A prostituição nas zonas de baixo meretrício é uma atividade insalubre (embora não seja tão mal remunerada, mas a alta remuneração depende de uma quantidade grande de programas por dia). Os hotéis de batalha da Rua dos Guaicurus (citados aqui como exemplo) são escuros, mal ventilados e sujos. O risco de contaminação por doenças sexualmente transmissíveis, por doenças “dermatológicas”, por doenças respiratórias é alto. O risco psicológico também. A exposição à violência, o preconceito da sociedade em relação à prostituição e as concepções morais e religiosas das mulheres que exercem a atividade (sim, elas também têm valores morais e religiosos) são fatores que podem desencadear depressões, pânicos e levar à dependência química. Ironicamente o conforto dessas mulheres costuma vir da religião, especialmente das leituras da bíblia e de livros espíritas.

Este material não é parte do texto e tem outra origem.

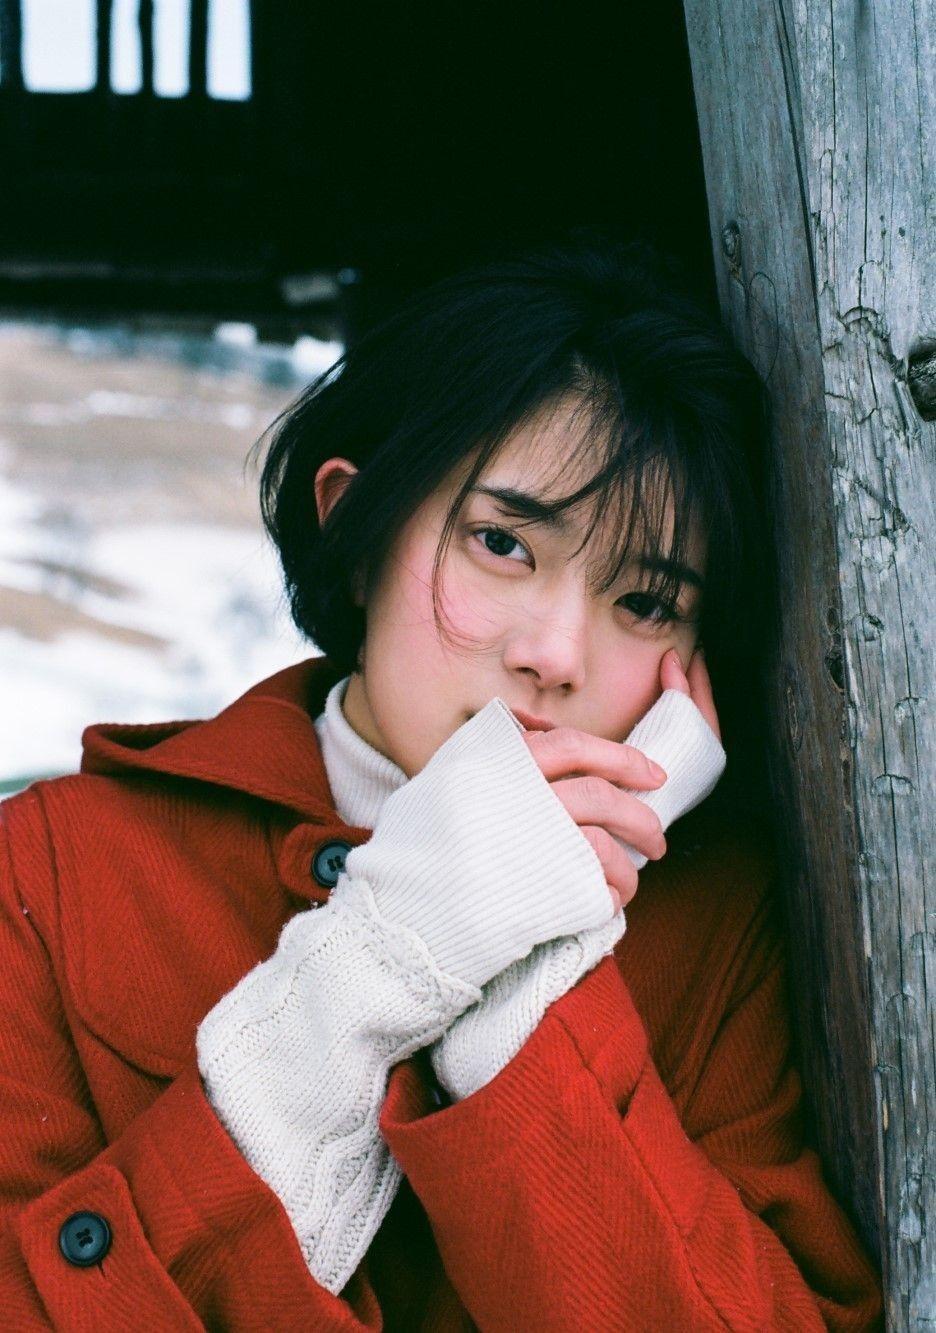 Những người phụ nữ có tử cung nhiễm bệnh thường có 3 dấu hiệu này lộ rõ trên khuôn mặt, bạn nên đi khám để yên tâm hơn - Ảnh 4.

Por tudo isso, trabalhar como prostituta não é fácil. Aliás, nada mais mentiroso que o rótulo “mulher de vida fácil”. Elas têm uma vida difícil, com jornada de trabalho acima de doze horas diárias e sem descanso semanal. E porque essa jornada tão opressiva? Tem vários motivos: porque a prostituta dos “hotéis de batalha” tem que pagar a diária do quarto (na época da pesquisa custava em torno de R$ 80,00 por meio período); porque a quantidade de programa varia de acordo com a idade e o físico da mulher (as mais jovens faturam mais); porque as mulheres estabelecem metas (como juntar uma quantidade de dinheiro, comprar uma casa, pagar um curso, montar uma pequena empresa) com prazo definido, geralmente de dois ou três anos.

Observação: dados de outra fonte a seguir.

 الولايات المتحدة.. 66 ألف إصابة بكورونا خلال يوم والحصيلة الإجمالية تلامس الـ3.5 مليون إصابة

Percebi que uma parte do preconceito em relação à atividade vem do desconhecimento dela. Já ouvi coisas do tipo: “ah, mas existem trabalhos honestos que elas podem fazer, elas podem fazer faxina, atender no comércio”. Sim, elas têm muitas opções de “trabalhos honestos”. Inclusive a prostituição, que é um trabalho honestíssimo. Das mulheres entrevistadas por mim, todas tinham experiências profissionais anteriores (balconistas, cozinheiras, caixas de supermercado, cabelereiras). Algumas chegaram até a se especializar em uma atividade. Outras cursaram (ou cursavam) faculdade. A escolha pela prostituição foi por uma razão lógica: no momento em que estavam desempregadas a prostituição foi vista como um meio para alcançar a independência financeira.

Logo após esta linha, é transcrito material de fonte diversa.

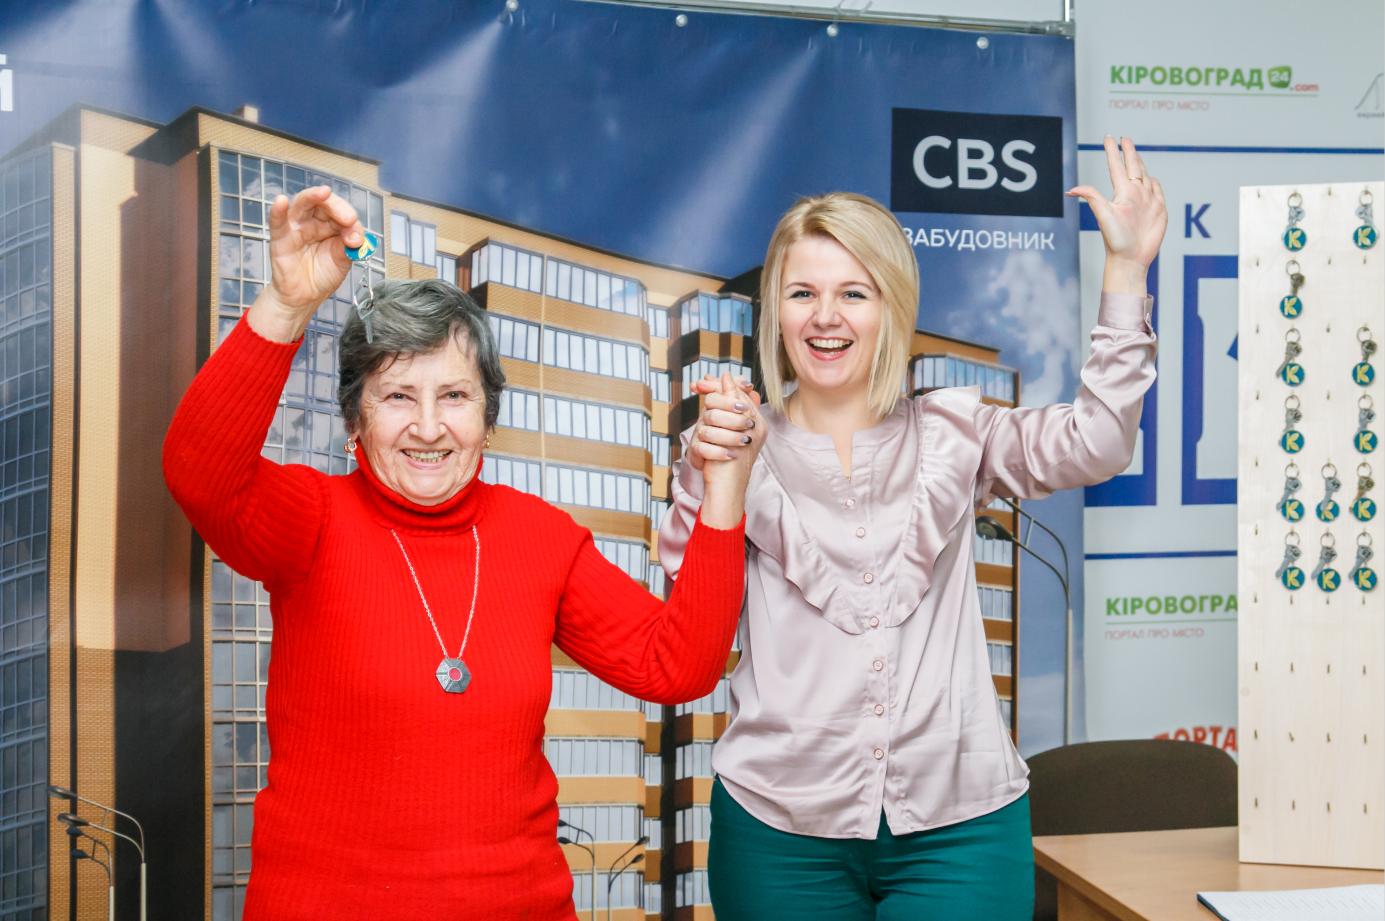 У Кропивницькому щасливі власники квартир другої черги житлового комплексу «Ковалівський» отримали свої ключі від забудовника «CBS Холдинг», фото-5

Quando ouço alguém criticando a prostituição e as prostitutas até desconsidero. Já entrei em muitas discussões que eu sabia que não ia mudar a concepção das pessoas. Agora não faço mais. Ouço e me calo. Mas sempre que vejo a possibilidade de falar abertamente sobre isso, com pessoas abertas ao diálogo, volto à carga. Porque foi gratificante fazer este trabalho. Aprendi muito e isso me ajudou a desfazer meus preconceitos. Enfim, é isso!